Martinus Dom

Uit Wikipedia, de vrije encyclopedie
Martinus Dom
Priester van de Rooms-Katholieke Kerk
Wapen van een priester
Geboren 24 december 1791
Plaats Vlag van België België Kontich
Overleden 9 december 1873
Plaats Vlag van België België Westmalle
Portaal  Portaalicoon   Christendom

Martinus Dom, geboren als Frans Daniël Dom, (Kontich, 24 december 1791 - Westmalle, 9 december 1873) was de eerste abt van de abdij van Westmalle en richtte de trappistenbrouwerij op. Hij was een zoon van Jan Frans Dom, een veehandelaar, en Elisabeth Van Berckelaer. Hij werd gedoopt op kerstdag 1791, de dag na zijn geboorte, in de Sint Martinuskerk te Kontich.

Algemeen[bewerken | brontekst bewerken]

Als jonge man diende hij als foerier in het Franse leger van Napoleon Bonaparte. Na de nederlaag van Napoleon in 1814, keerde hij naar terug naar huis om deel te nemen aan het dagelijkse leven. Hij ontwikkelde zich tot een feestneus en verloofde zich. Na enkele ruzies met zijn vader in het ouderlijke huis over zijn chaotische leven, besloot hij op bedevaart te gaan naar Onze-Lieve-Vrouw van Goede Wil in Duffel. Daar bad hij tot Maria om hem te helpen besluiten of hij in het klooster zou treden of huwen. Het verhaal gaat dat hij besloot het lot te laten beslissen door zijn hoed in de lucht te werpen.

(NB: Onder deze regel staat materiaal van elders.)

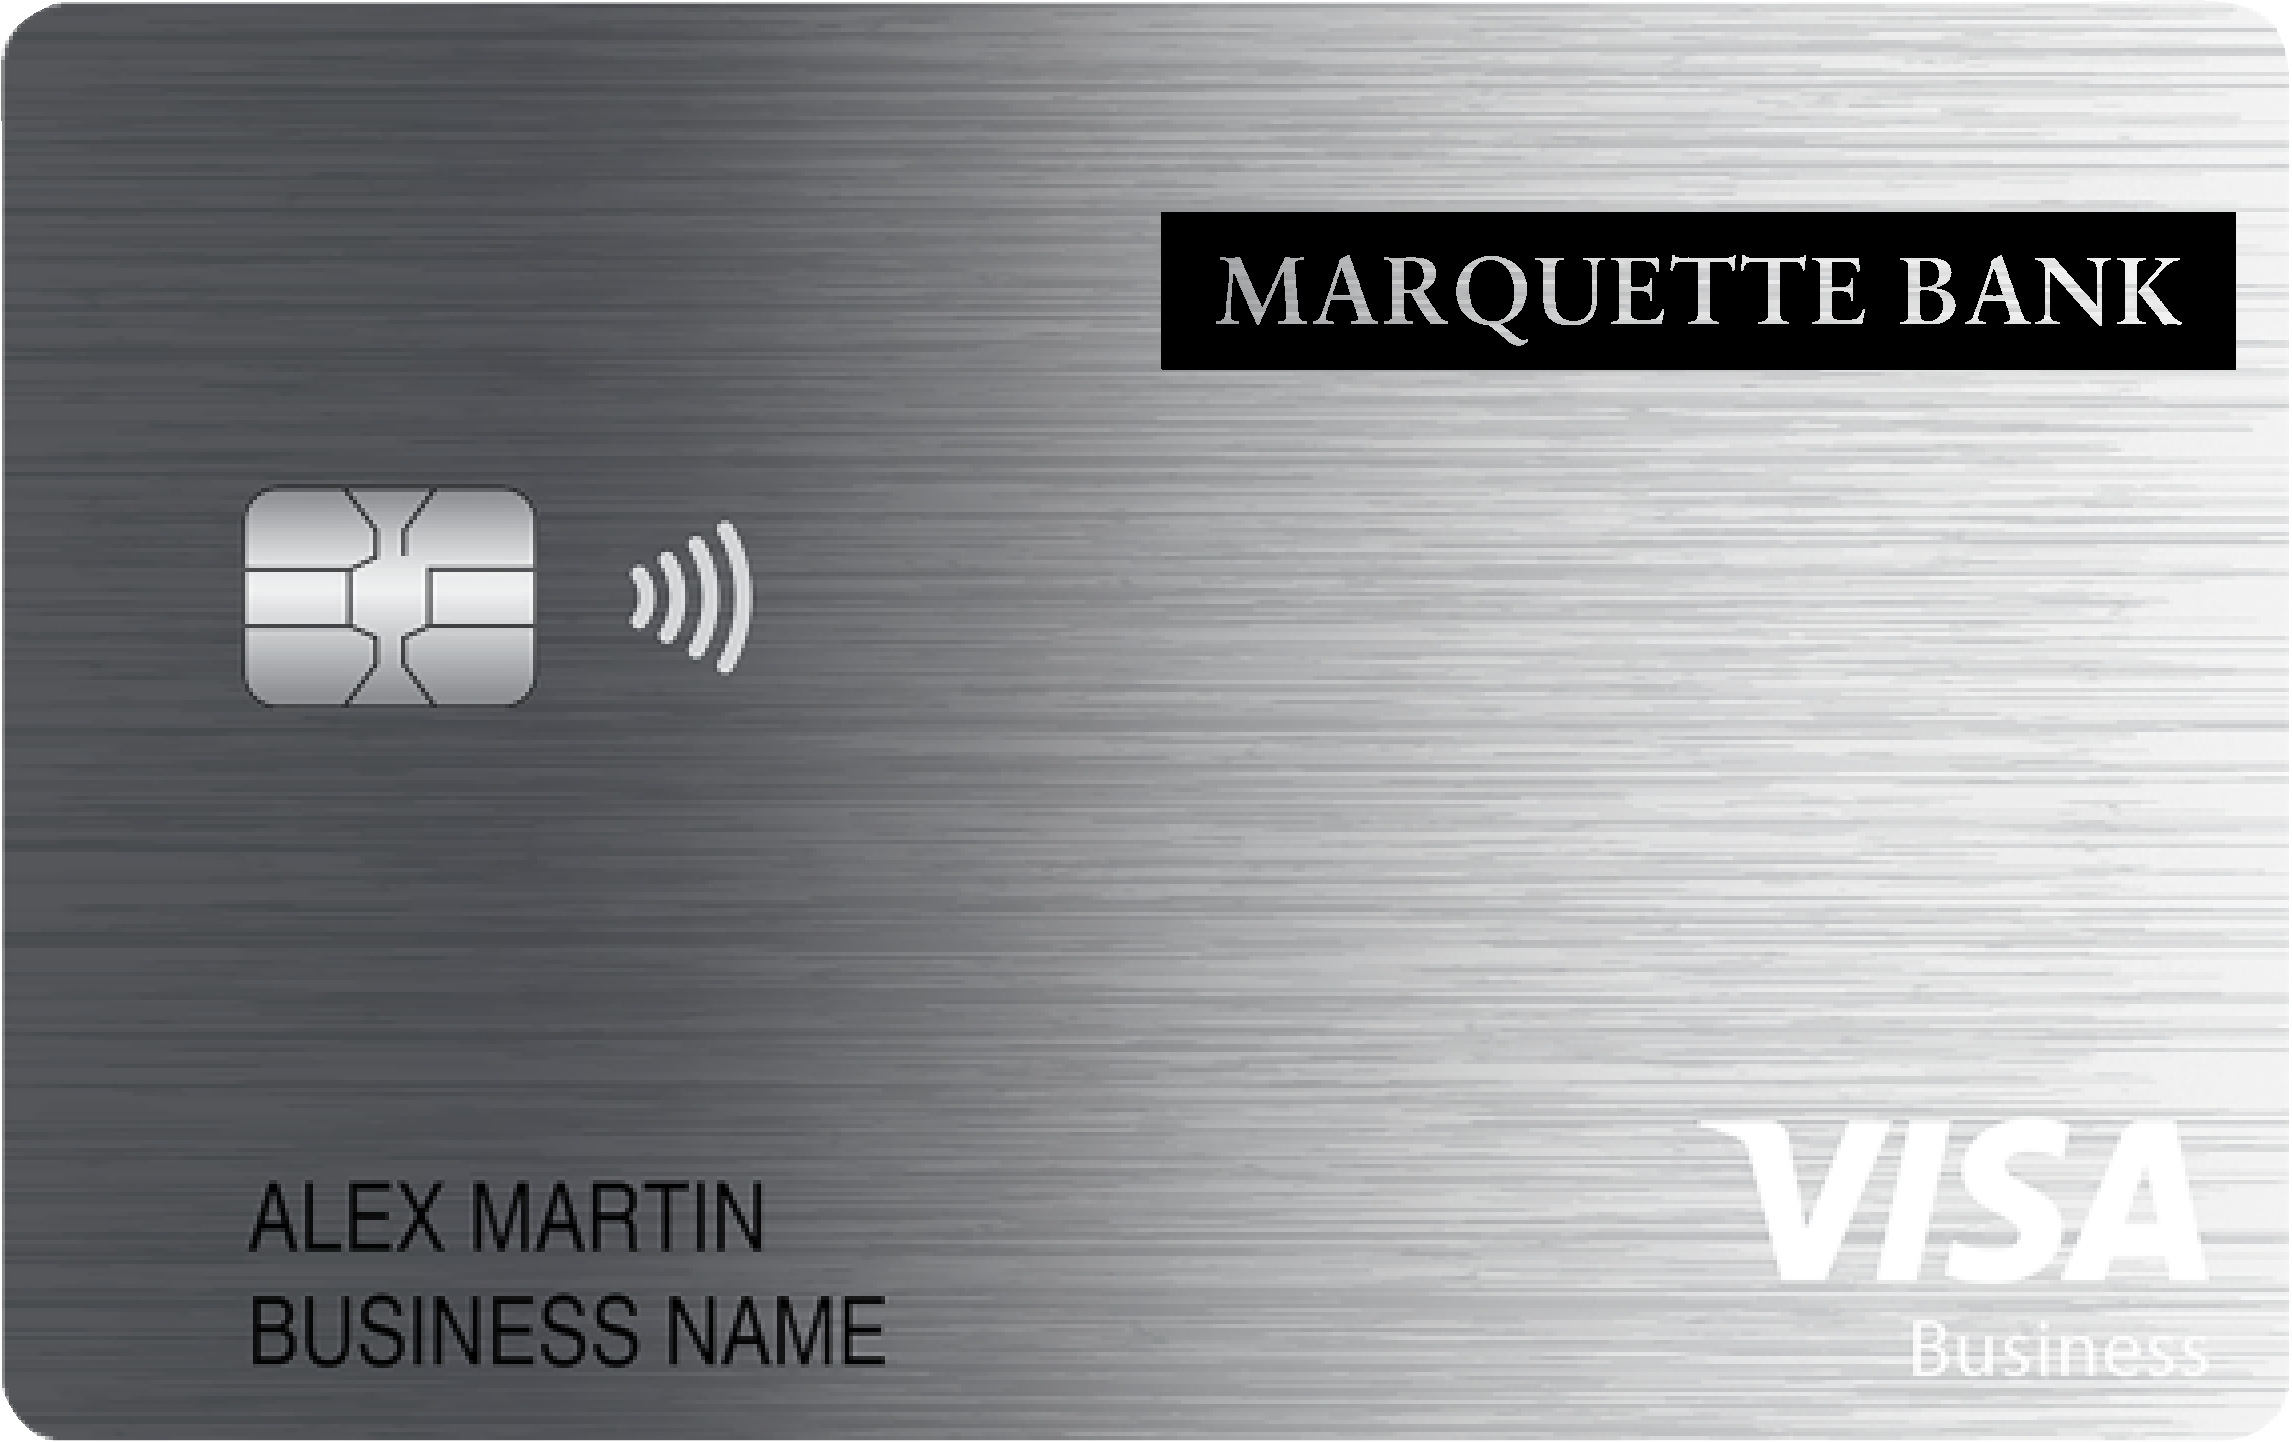 Marquette Bank

Als deze met de opening naar boven zou vallen zou hij intreden, in het andere geval zou hij vergiffenis vragen en huwen. Het lot besliste in het voordeel van de priorij en vervolgens trok hij naar Westmalle. Hier nam men hem aanvankelijk echter niet serieus. Toch zette hij door en op 11 november 1817, de feestdag van Sint Martinus, patroonheilige van zowel de gemeente Kontich als Westmalle, trad hij in het klooster. Datzelfde jaar nog legde hij zijn geloften af en op 23 december 1820 werd hij beëdigd en kreeg hij de naam Martinus. Hij zou voortaan weesjongens opleiden binnen de priorij. In 1826 werd hij verkozen tot prior (kloosteroverste), een taak die hij bleef uitvoeren tot hij in 1836 verkozen werd tot abt.

Abt van de abdij[bewerken | brontekst bewerken]

In 1836, verkreeg de priorij de status van abdij van Paus Gregorius XVI. Op 14 Juli 1836, werd Martinus verkozen als eerste abt van de abdij van Westmalle. Al snel werd de strikte regel 'dat monniken enkel water bij hun maaltijd konden drinken' versoepeld. Voortaan mocht ook cider en bier gedronken worden in de eetzaal. Martinus besliste daarop, om geen bier van buiten de abdij te kopen, maar hun eigen bier te brouwen. Op 1 augustus 1836 startte men met het brouwproces en op 10 december van datzelfde jaar proefden de monniken voor het eerst hun eigen bier. De lokale verkoop werd opgestart in 1856, en de verkoop aan handelaren in 1921.

Martinus Dom stierf in Westmalle op 9 december 1873, nadat hij 47 jaar prior en vervolgens 37 jaar abt was geweest.